4. Redacting native files changes them. Indeed, that’s the whole idea. So the argument that the integrity of native productions will be compromised by removing privileged or protected content is silly! Instead, the form of production for items requiring redaction should be that form or forms best suited to efficient removal of privileged or protected content without rendering the remaining content wholly unusable.
Some native file formats support redaction brilliantly; others do not. In the final analysis, the volume of items redacted tends to be insignificant. Accordingly, the form selected for redaction shouldn’t dictate the broader forms of production when native forms have such distinct advantages.
Don’t let the redaction tail wag the production dog. If they want to redact in .tiff or PDF, let them, but only for the redacted items and only when they restore searchability after redaction.
Cast off the albatross! Tiff production had its day. Now, .tiff dumbs ESI down to the level of paper just so we can use old, familiar tools and workflows. Native production isn’t simply better, it’s cheaper, too. Why pay to convert native forms to .tiff and load files? Smaller native file sizes also trim the cost of ingestion and storage.
Tiff: You get less, pay more and destroy evidence to boot. Isn’t it time to go native?
Nowhere on " La Joconde" — that most famous of all Leonardo da Vinci master-works — does it say "Mona Lisa." Yet, despite theft and 100 years of efforts to "redact" her, using everything from acid to teacups, the world knows Mrs. Giocondo without stamping "Mona Lisa" across her enigmatic smile. Neither must we downgrade or deface electronic evidence produced in its native forms to retain the benefits once derived from Bates-stamping paper documents.
A native file can be given almost any name without altering its contents or changing its hash value (aka its digital "fingerprint"). So, it’s fast, free and easy to rename an electronic file to carry any Bates-style identifier — even a legend like "Produced Subject to Protective Order" — so long as the length of the name stays under 255 characters.
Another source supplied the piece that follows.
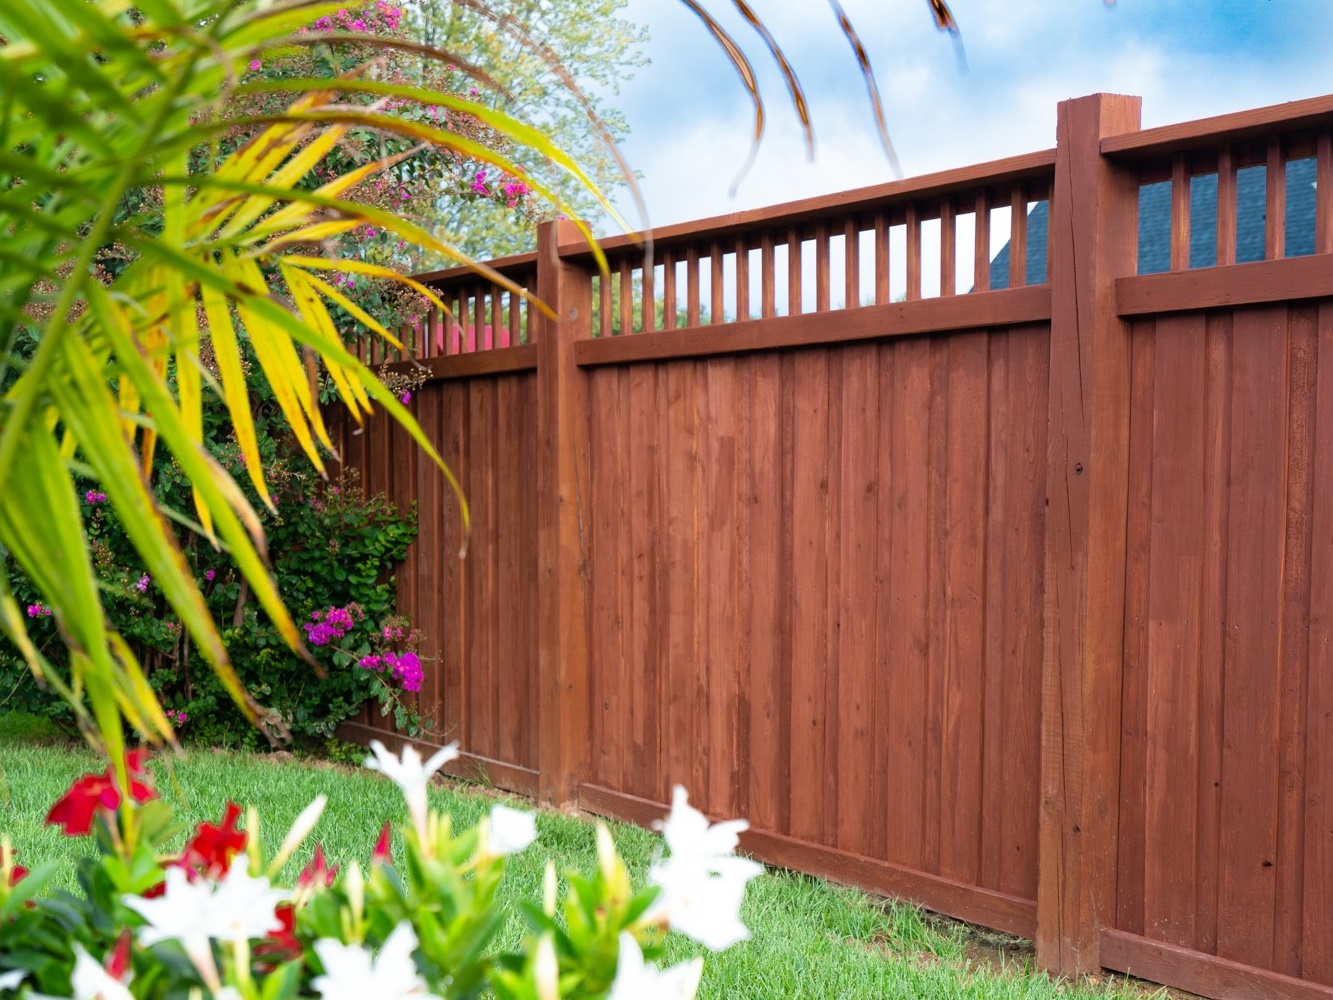 Cloverport KY Spindle Top style wood fence

When replacing a file’s name (versus prepending or appending an identifier in the name), preserve and produce a record of the original and substitute names.
Establish an identification naming protocol where, e.g., the first four characters identify the producing party; the next nine are reserved to a unique, sequential numeric value (padded with leading zeroes); and the final five include a separator (i.e., hyphen) and a four-digit number reflecting pagination that is required to be embossed only when the file must be printed to paper or reduced to an image format for use in proceedings or as exhibits.
If you include a truncated hash value in the filename (e.g., the first and last four digits of the file’s MD5 hash value), all parties gain a portable, reliable means to confirm the electronic file is authentic, unchanged and properly paired with the right name cum Bates identifier. You can’t do that with printed Bates numbers!